MARY REICHARD, HOST: It’s Wednesday the 28th of December, 2022.
Thank you for joining us for today’s edition of The World and Everything in It. Good morning, I’m Mary Reichard.
NICK EICHER, HOST: And I’m Nick Eicher. First up today: Ukraine.
Russia’s full-scale war in Ukraine began ten months ago, and the consequences of this second invasion have been devastating.
At least 6,700 civilians have died and more than 13,000 Ukrainian soldiers have been killed in action.
In addition, nearly 13 million people have been displaced and the damage to Ukraine’s infrastructure amounts to more than 100 billion U.S. dollars.
REICHARD: WORLD’s Jill Nelson gives us a rundown of the key events of the war and how it’s affected the lives of Ukrainians.
JILL NELSON, REPORTER: The sun had not yet risen on Feb. 24th, when Pastor Oleg Magdych realized Ukraine was on the brink of war.
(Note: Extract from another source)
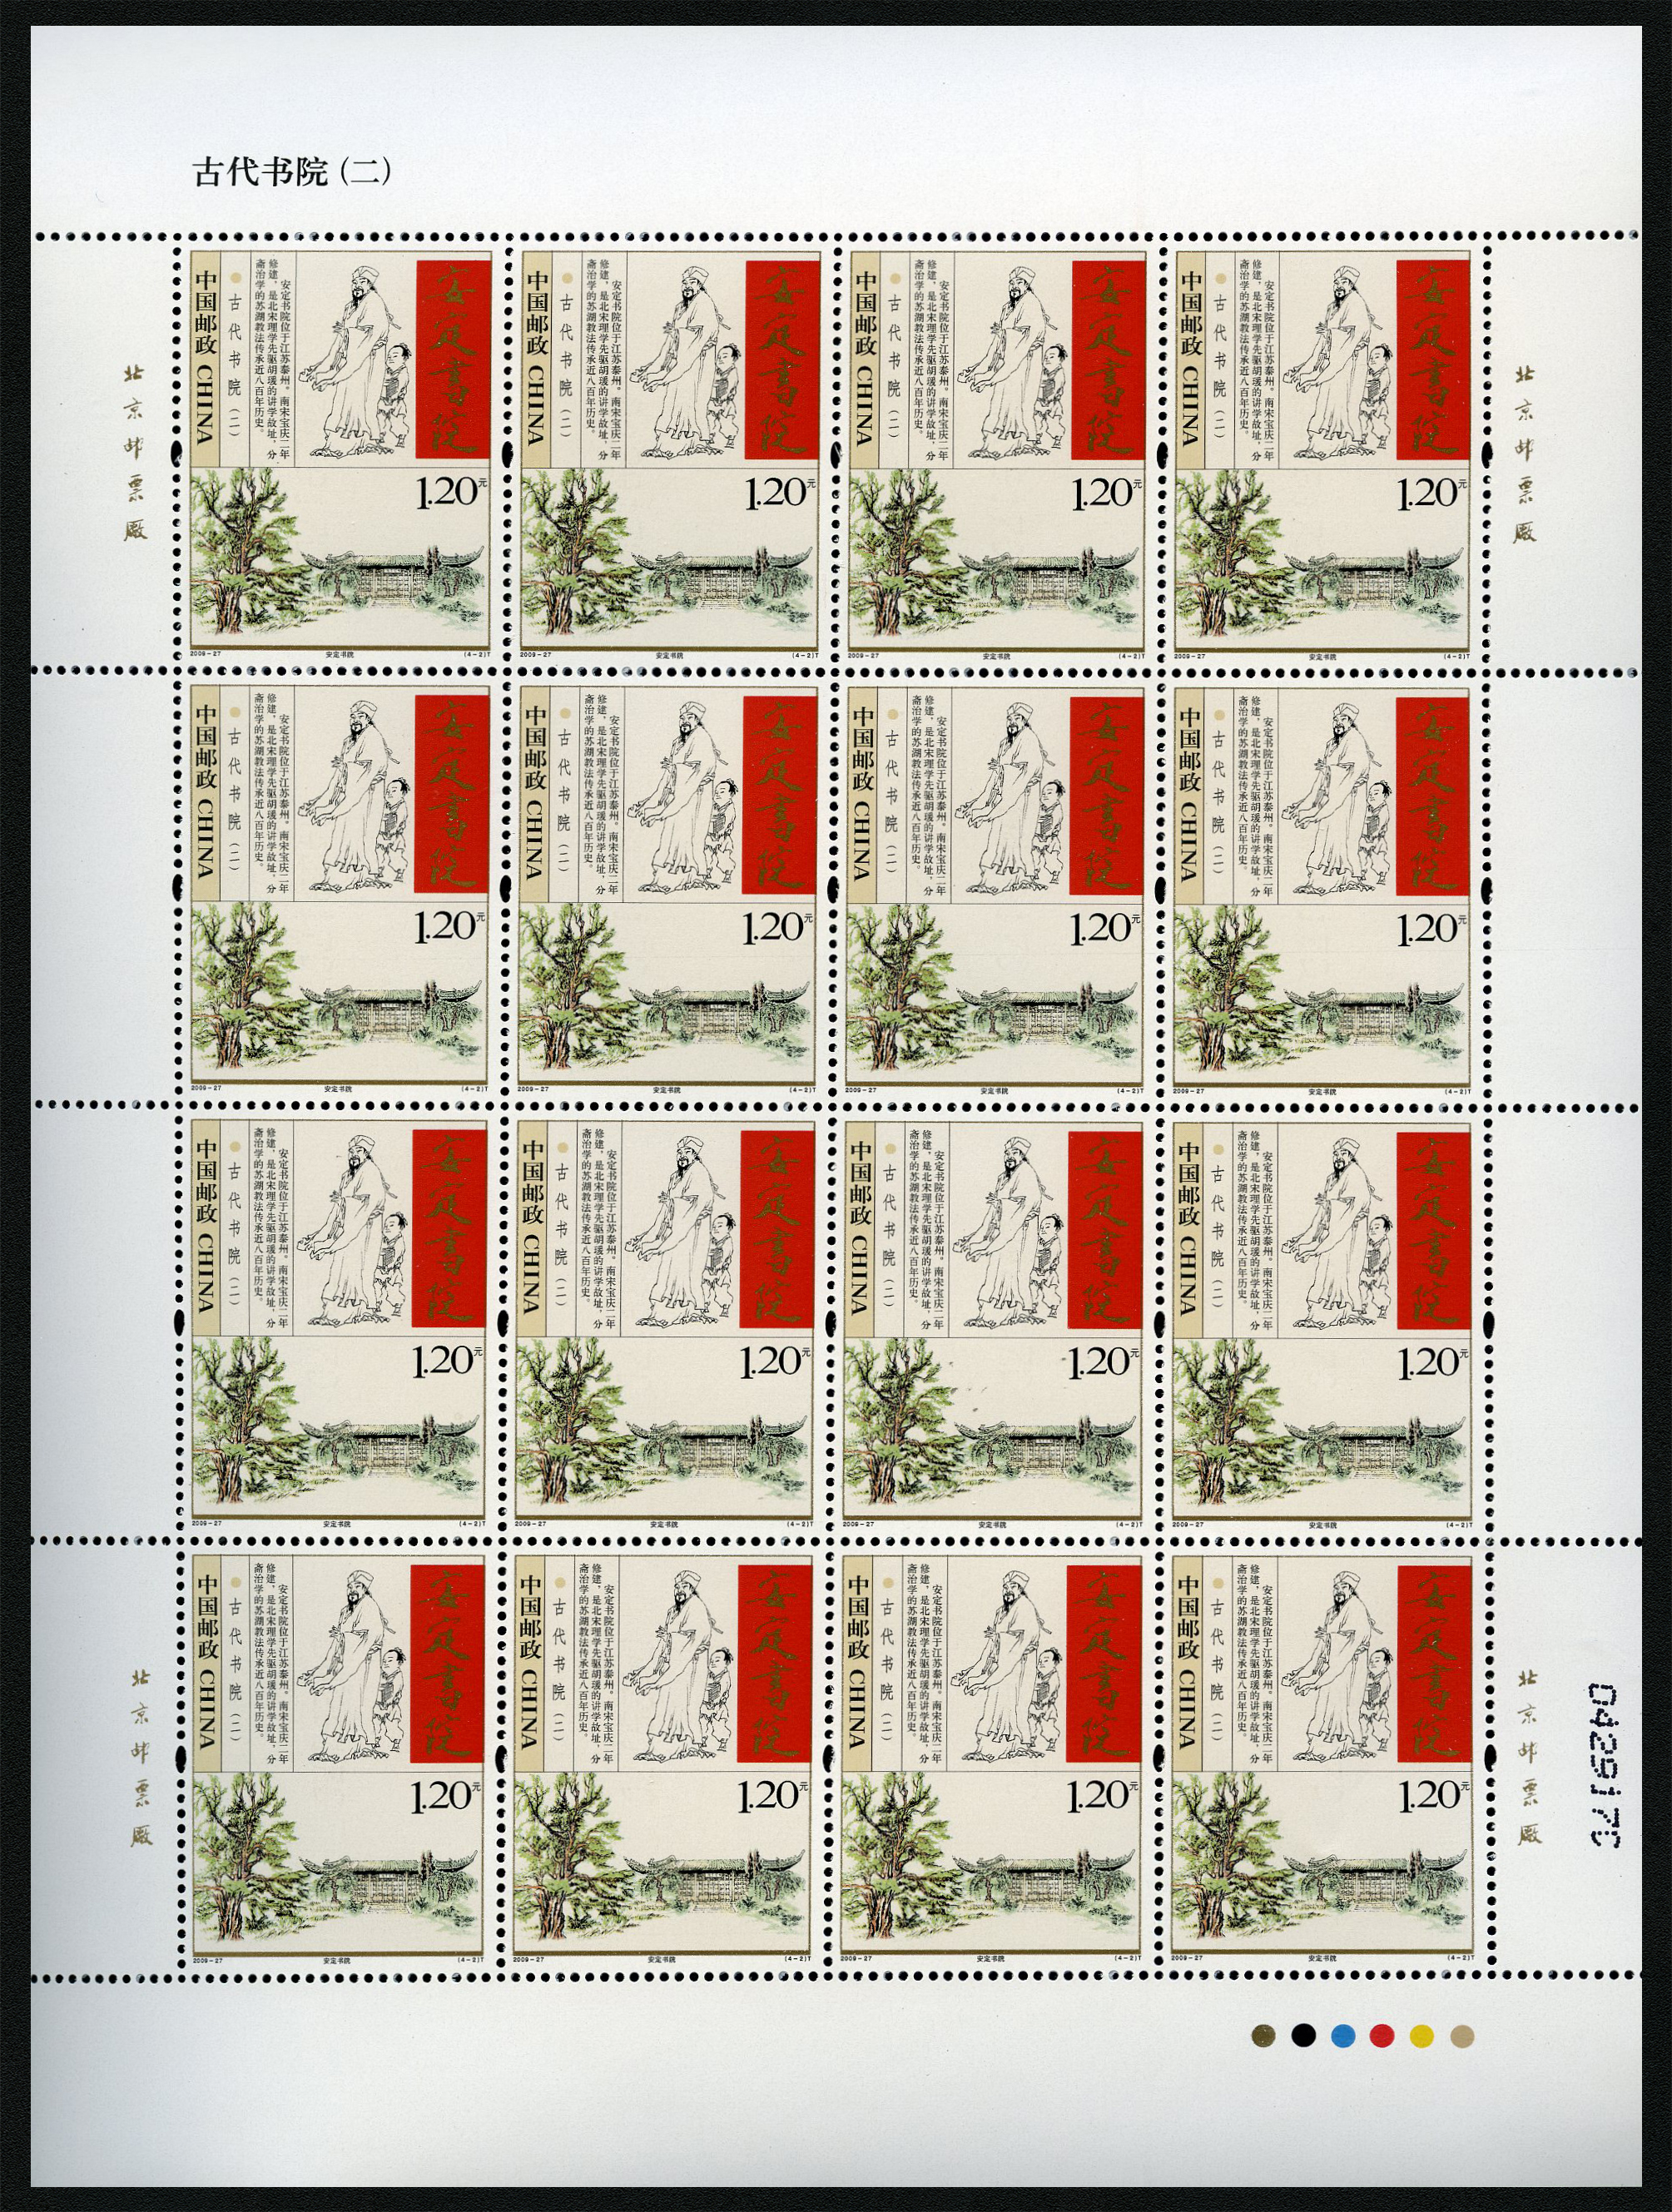 邮票文化(价值十万元以上邮票)

Russians were firing rockets less than a mile away.
OLEG: So this morning we were driving through Kharkiv. We heard this noise that you can’t get it wrong. So um the rocket shelling was in place.
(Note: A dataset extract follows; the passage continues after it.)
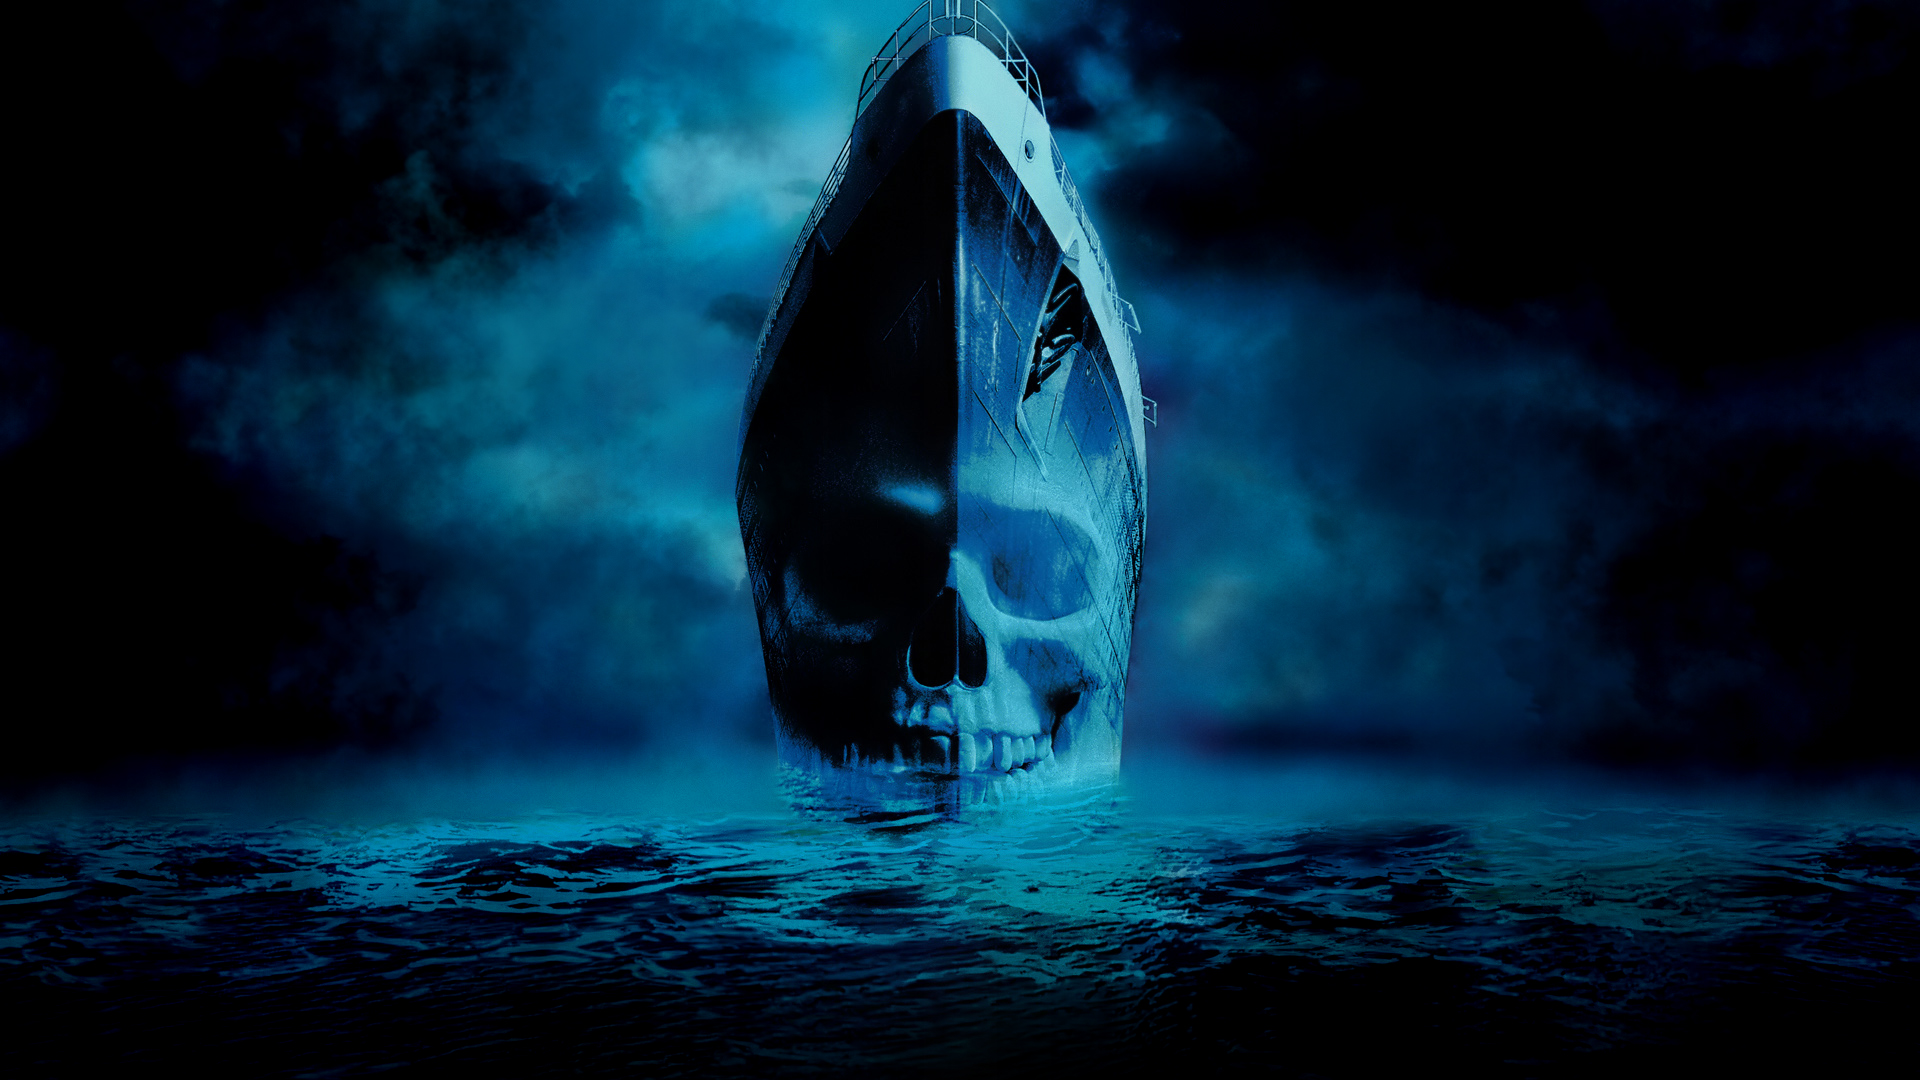 Los mejores fondos de pantalla de Ghost Ship (Barco Fantasma) para la pantalla del teléfono

Magdych was trying to deliver supplies to Ukrainian troops in eastern Ukraine. He and his friends quickly turned around to implement their Russian-invasion game plan: Get their families to safety and join the fight.
A mass exodus of people created traffic jams and gas shortages, and many Ukrainians were trapped.
Four days later, a 40-mile long Russian military convoy stretched from Belarus to Kyiv. Washington offered to help evacuate Ukraine’s leader.
But Ukrainian President Volodomyr Zelensky turned down the offer with his now-famous response: “I need ammunition, not a ride.”
The former comedian and TV star quickly became a global symbol of resistance and courage. He posted videos of himself unshaven and wearing khakis on the streets of Kyiv and called on Ukrainians and the world to stand up to Russia.
ZELENSKY: We all must stop Russia. The world must stop the war.
As Russian missiles fell on Kyiv, the Ukrainian military and ordinary citizens began fortifying the capital.
By then, Pastor Magdych was leading a civil defense unit stationed in Kyiv.
OLEGBRIDGE: So this is one of the bridges that is closed to public, and you can only cross it if you are military personnel (honk) or some kind of special force. The bridge is empty and it’s ready to be destroyed if the enemy comes close to the bridge.
Russia had more firepower, but Ukraine had grit, Western aid, and knowledge of the terrain. By March 25th, Russian troops pulled back from Kyiv and shifted to the east. Victory number one for Ukraine.
The Russian retreat exposed thousands of war crimes in cities just outside the capital and in northeastern Ukraine.
Oleksandra Matviichuk leads the Center for Civil Liberties. She sent teams in to document the atrocities and add them to their growing list of Russian war crimes.
MATVIICHUK: I asked to myself why such cruelty? Why such brutality? Even me, professional human rights lawyer who was documented war crimes, as I mentioned before, for 8 years, I wasn’t prepared because so much human pain.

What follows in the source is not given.